I was using git on a remote server (Ubuntu 14.04 LTS). It works smoothly, until a certain amount of time passed by. I was denied access to the repository (no this issue on my local machine). How does this happen? And is there anyway to solve it?
Make sure the authorized_keys file and the private key itself have the correct permissions and ownership. Check that key-based authentication is allowed by the server. Make sure the private key is readable by the SSH client. If you're using PuTTY, make sure your SSH keys are properly configured for the session.
Traditional SSH keys have no expiry; in fact they have no metadata whatsoever (except maybe a comment field).
As a security precaution, GitHub automatically deletes SSH keys that haven't been used in a year.
SSH keys do not have expiration dates. Rotation of keys is up to your internal process. PGP keys and SSL certificates have expiration dates built-in as part of their public specifications.

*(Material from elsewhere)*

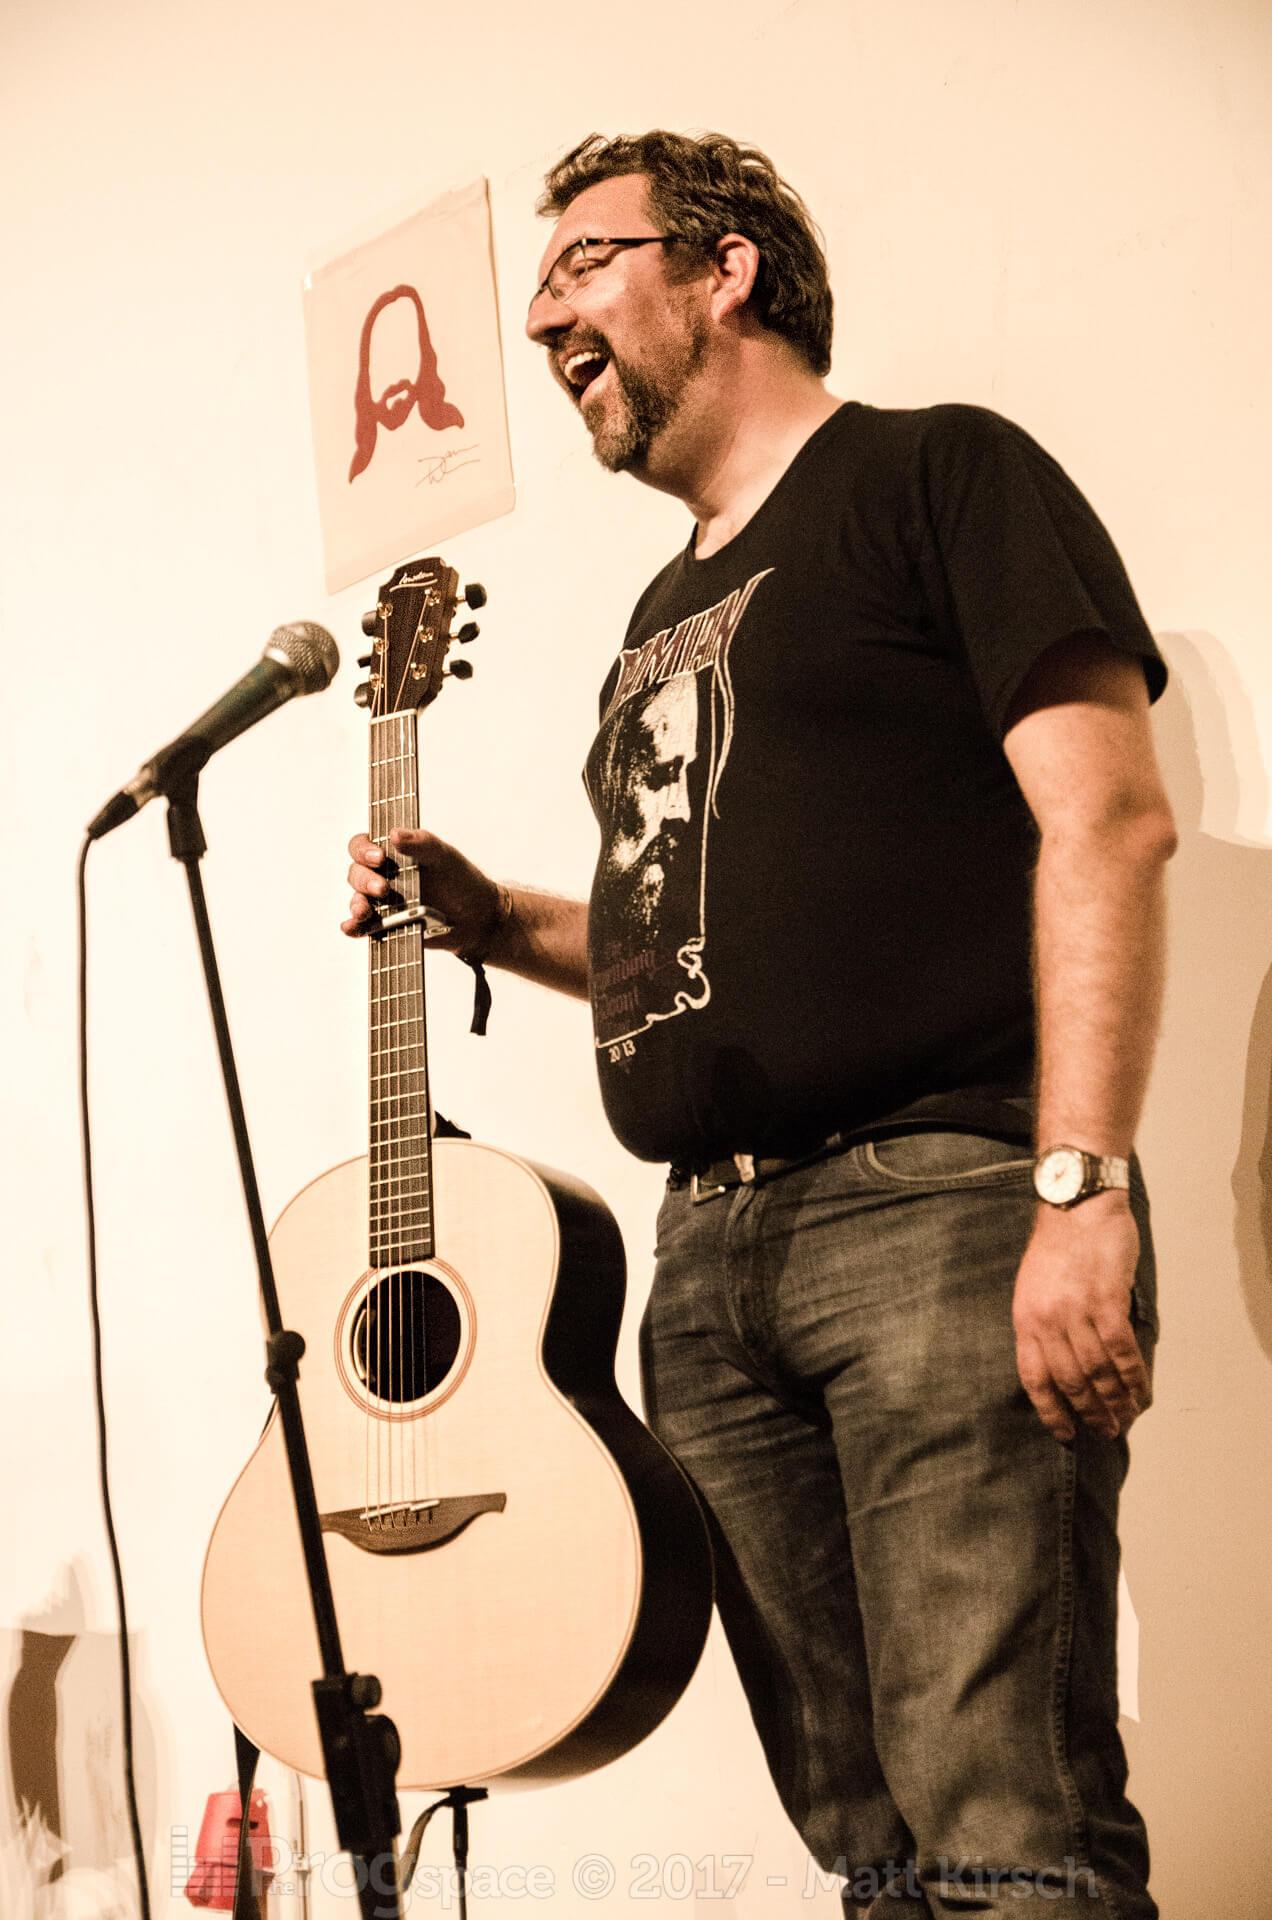 Damian Wilson at ProgPower 2017

First, an ssh key does not "expire" (ssl certificates do, but that is another topic). They are revoked (removed from the .authorized_keys on the remote side)
(Update August 2019: as shown in "SSH certificate authentication for GitHub Enterprise Cloud", SSH allows one SSH key (a certificate authority) to sign another SSH key, along with information about the developer it belongs to. And that include an expiration date)
Second, if it was working and no longer work, something must have changed, like the $HOME
value (since ssh looks for a public/private key in $HOME/.ssh
)
If is possible that the process using ssh does not run with the usual account, but with another user (or with root if preceded by sudo
)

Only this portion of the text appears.